Please try to be considerate when using ftp - it is a privilege not a right.
The setting up and maintenance of most archives is done on a voluntary
basis, using resources that are loaned by the site administrators.
09) The SGML Users' Group, National Chapters, SIGs
==================================================
The International SGML Users' Group was set up to promote the use of
SGML and represent the interests of SGML users on various international
bodies.
Membership of the International SGML Users' Group (or an affiliated
National Chapter or SIG), entitles you to receive the Users' Group Newsletter
and Bulletin, and discounts on various books and conferences.

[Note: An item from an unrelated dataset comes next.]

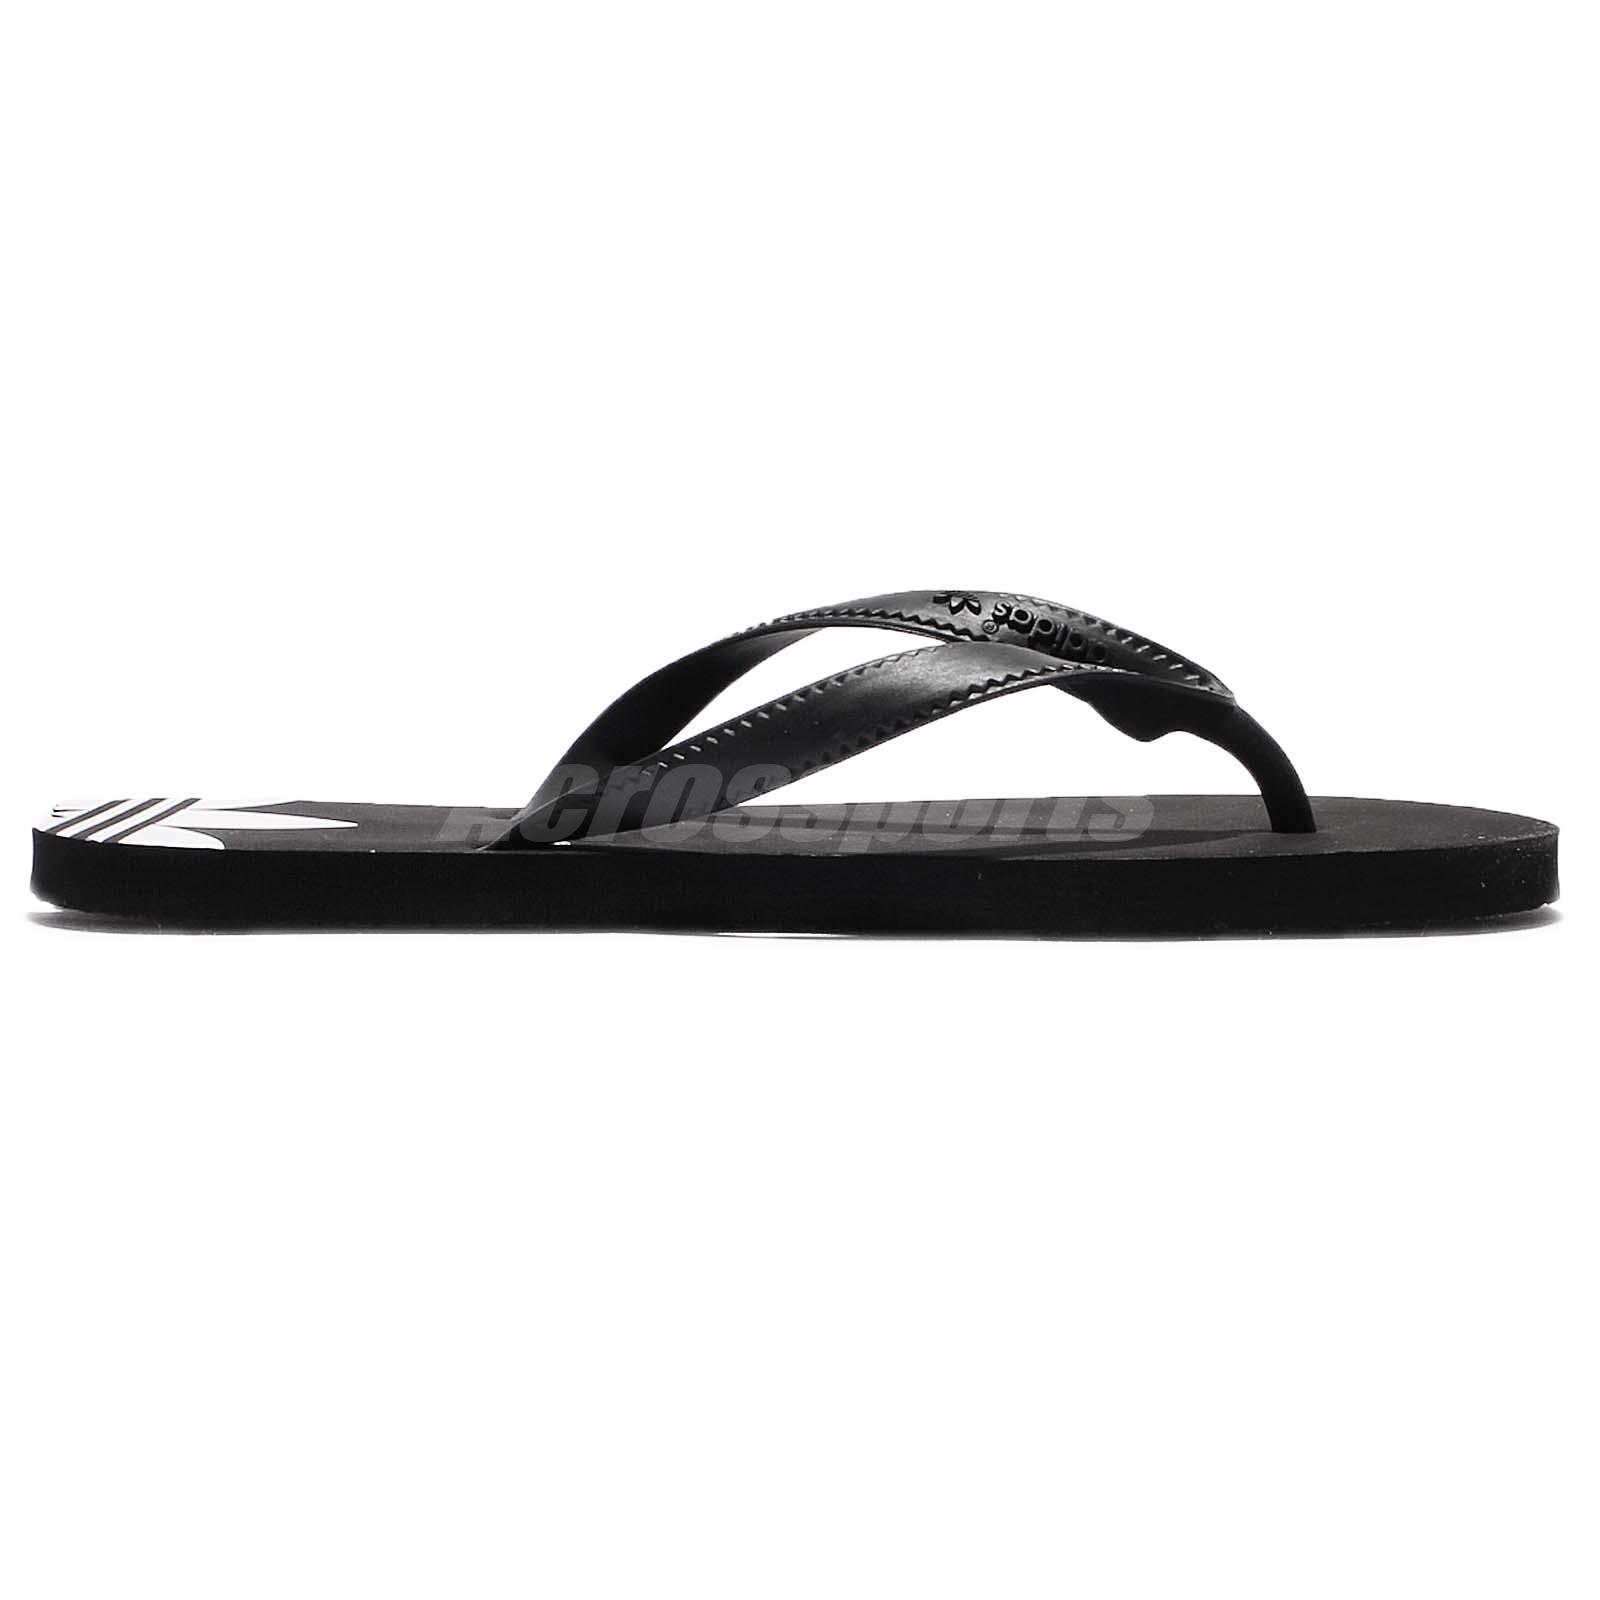 e35e99e77 adidas Originals ADI Sun W Black White Women Thong Flip-Flop Sandal ...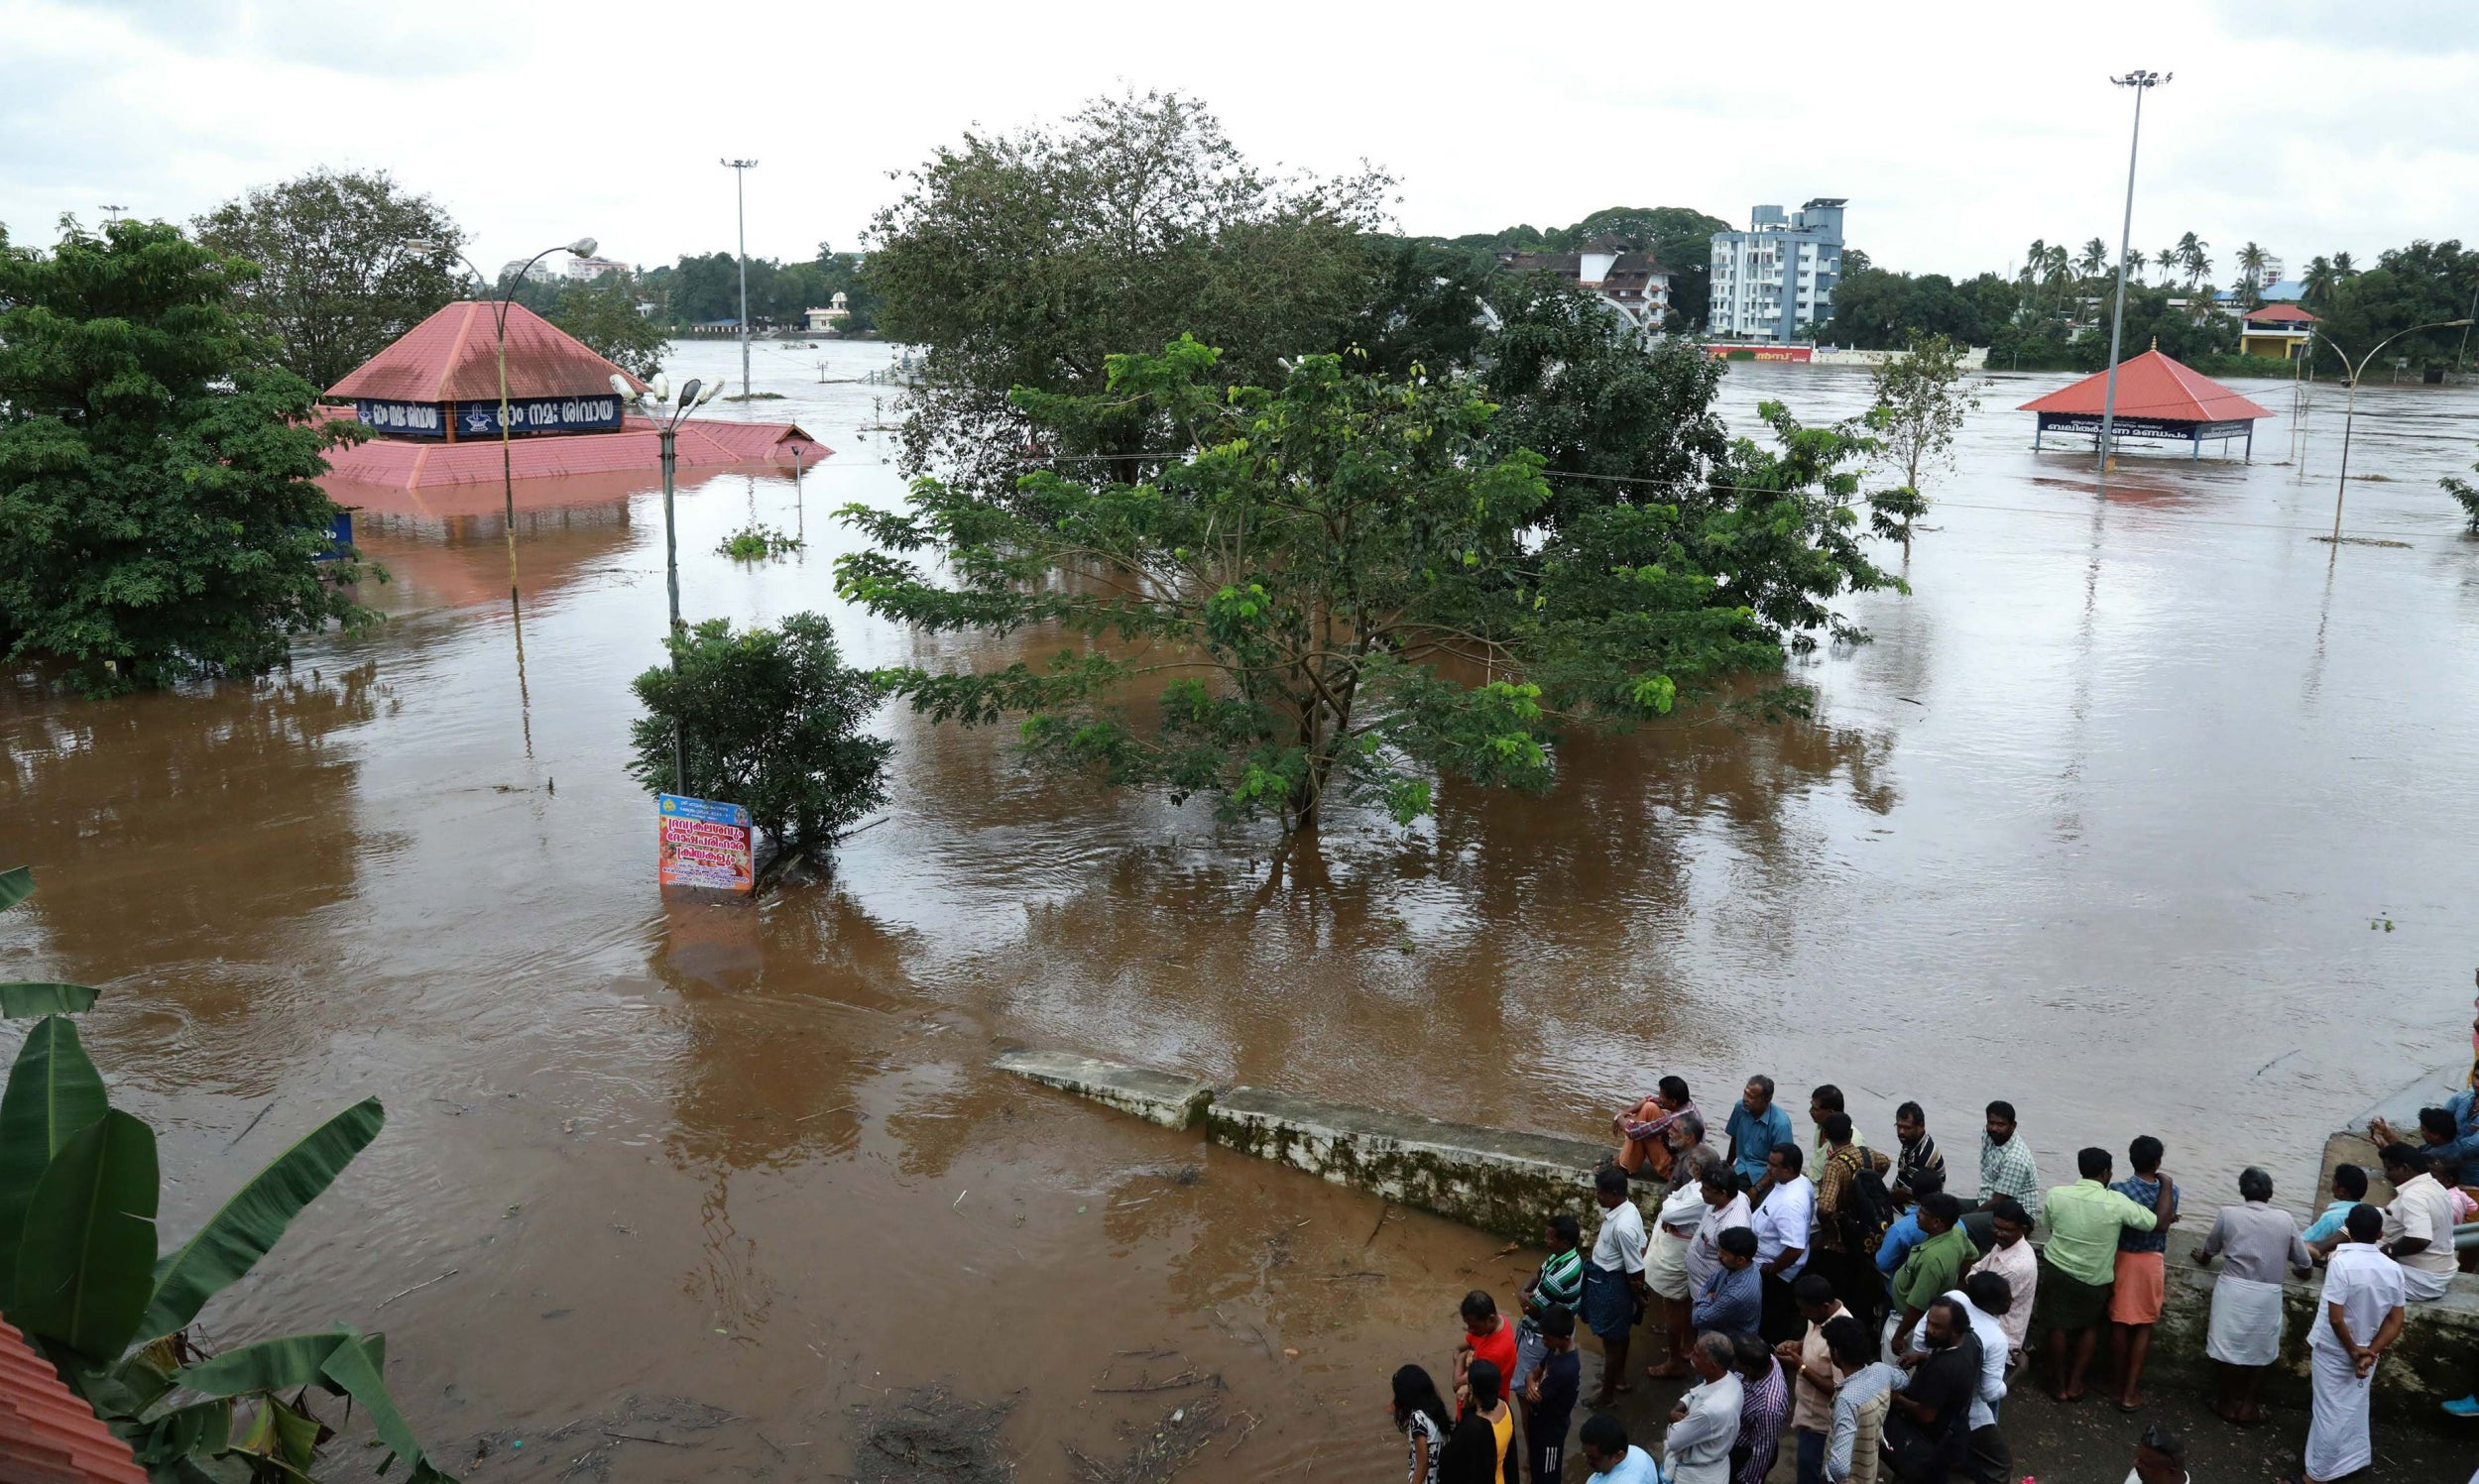 Kerala floods: More than 1m evacuated as fleet of civilian

For membership details, contact:
Mr Stephen G Downie
SoftQuad Inc.
56 Aberfoyle Crescent
Suite 810
Toronto, Ontario M8X 2W4
Canada
Phone: +1-416-239-4801
Fax: +1-416-239-7105
Activities and costs of joining a National Chapter or SIG varies greatly.
Please contact the appropriate person (see below) for more details. Other
CALS SIGs may exist, but I do not have any information about them; I will
list them if and when details are supplied.
09.1 National Chapters are listed below by country (with contact names):
Australia - (Just setting up. Contact: Nick Carr, PO Box R806, Sydney NSW,
Australia 2000; Phone: 612-262-4777; Fax 612-262-4774)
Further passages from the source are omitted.